The copy must hold every line from the one with "ticket cost 12€" through the end of the listing, word for word, and must hold no pictures.

§ **Working data**
* * * *

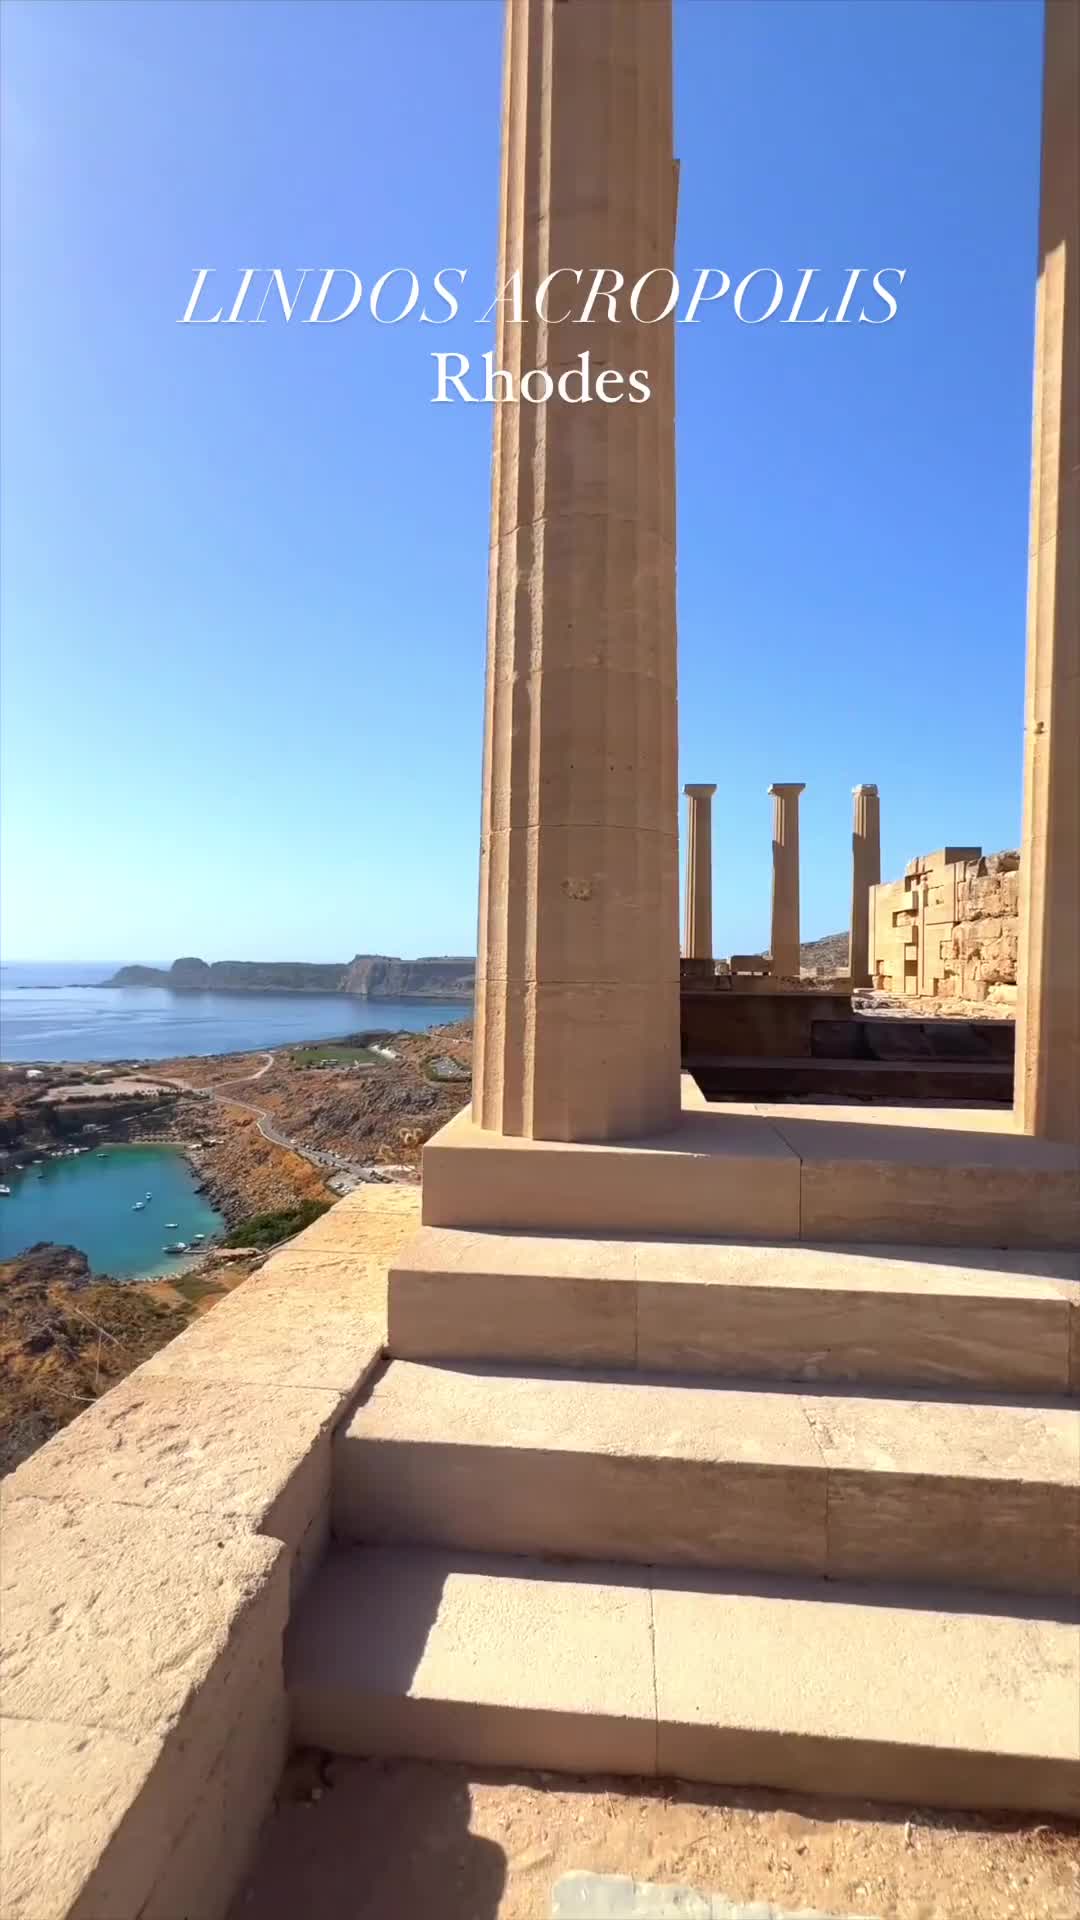 Exploring the Lindos Acropolis of Rhodes 🏛️. Tag someone who loves Greece 🇬🇷
📌The ticket cost 12€
📌 If you want to enjoy it the best time to go is in early morning around 9:00 before all the bus full of people come
📌really important is not allowed to fly with drone 
.
.
#reelsinstagram #reeltrending #reelitfeelit #greece #sheisnotlost #rhodes #lindosacropolis #dametraveler #ig_greece #exploretocreate  #travelblogger #girlslovetravel #sheisnotlost #greece🇬🇷 #europetravel #ig_europe #passionpassport #gltlove #roamtheplanet #girlslovetravel #greekisland #travelreels  #beautifuldestinations #visitgreece  #globelletravels
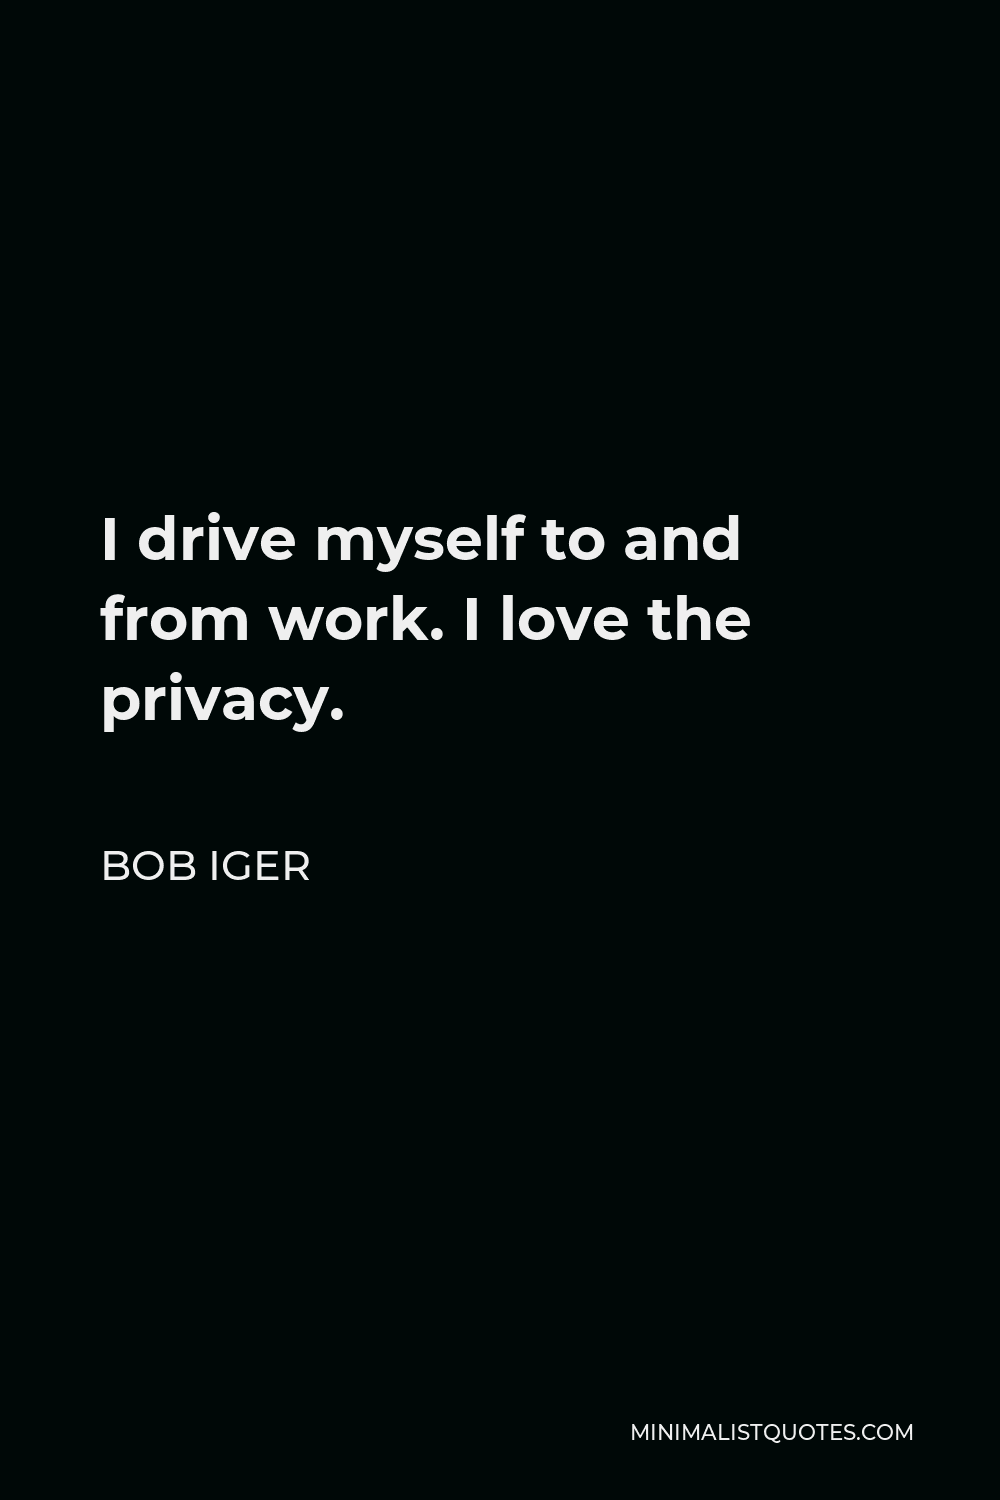 Bob Iger Quote - I drive myself to and from work. I love the privacy.
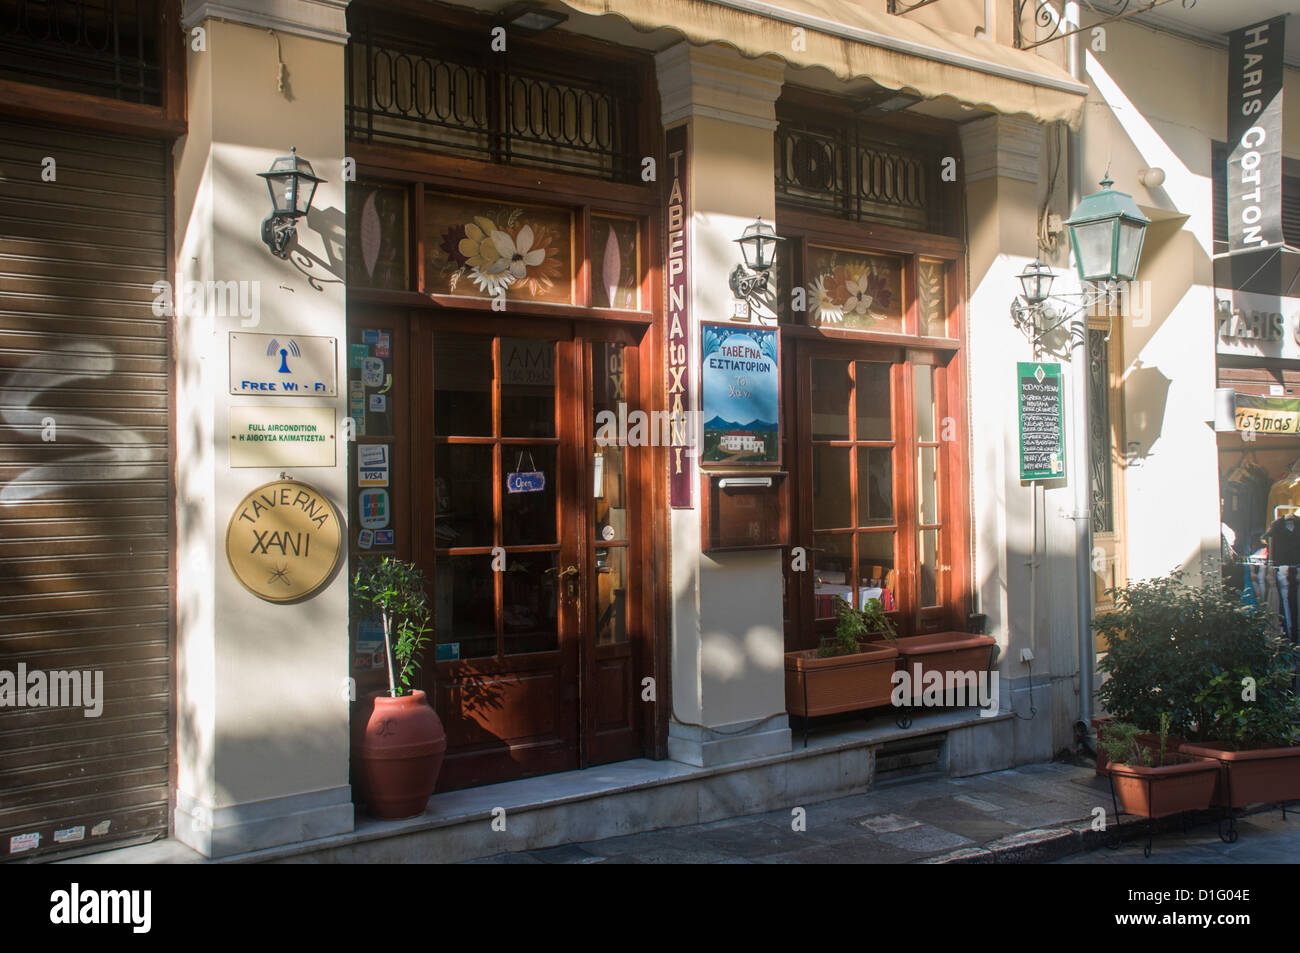 A Taverna sign in Greek in the Narrow Mnisikleous street, Plaka, Athens, Greece Stock Photo
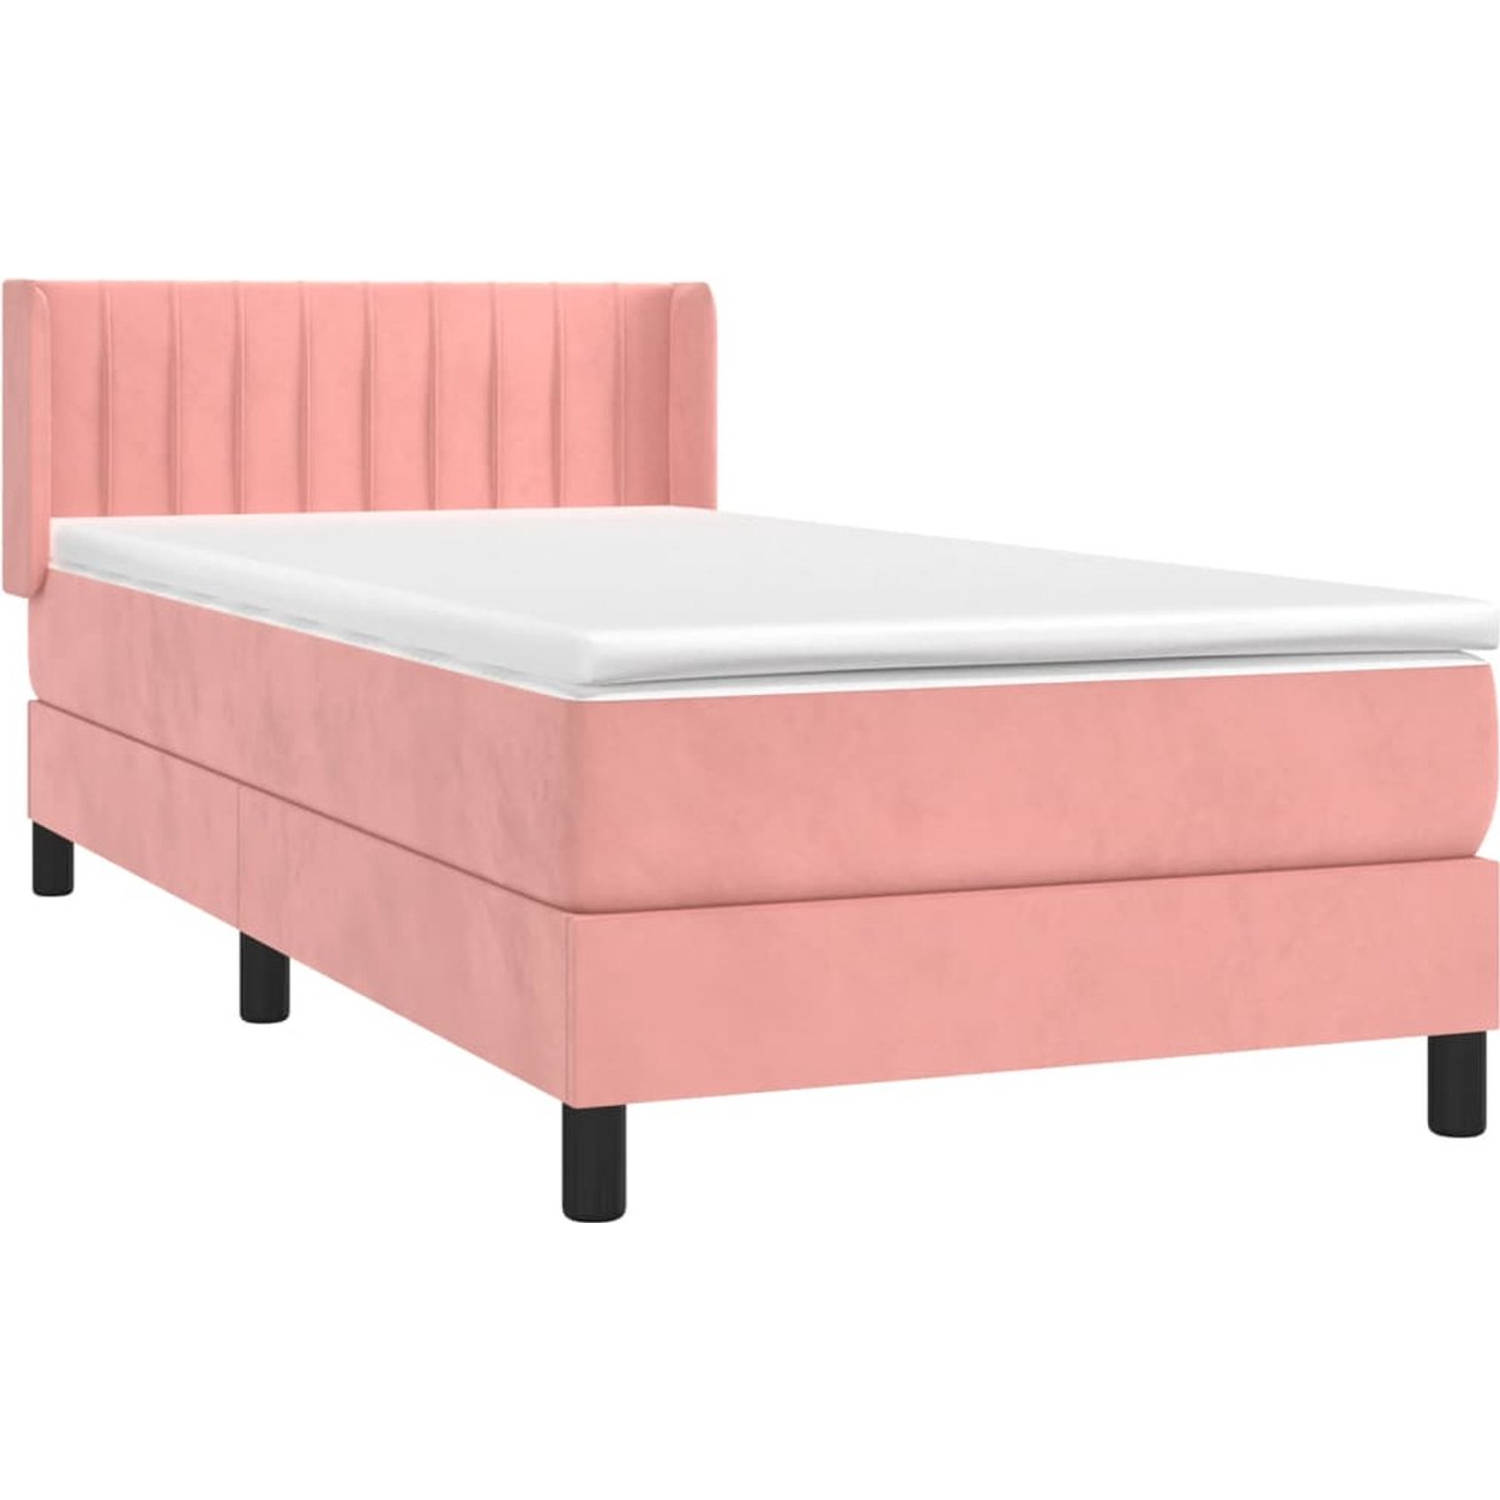 The Living Store Boxspringbed - fluweel - roze - 203x83x78/88 cm - pocketvering

* * * *

§ **Exercise answer**
📌The ticket cost 12€
📌 If you want to enjoy it the best time to go is in early morning around 9:00 before all the bus full of people come
📌really important is not allowed to fly with drone 
.
.
#reelsinstagram #reeltrending #reelitfeelit #greece #sheisnotlost #rhodes #lindosacropolis #dametraveler #ig_greece #exploretocreate  #travelblogger #girlslovetravel #sheisnotlost #greece🇬🇷 #europetravel #ig_europe #passionpassport #gltlove #roamtheplanet #girlslovetravel #greekisland #travelreels  #beautifuldestinations #visitgreece  #globelletravels
 Bob Iger Quote - I drive myself to and from work. I love the privacy.
 A Taverna sign in Greek in the Narrow Mnisikleous street, Plaka, Athens, Greece Stock Photo
 The Living Store Boxspringbed - fluweel - roze - 203x83x78/88 cm - pocketvering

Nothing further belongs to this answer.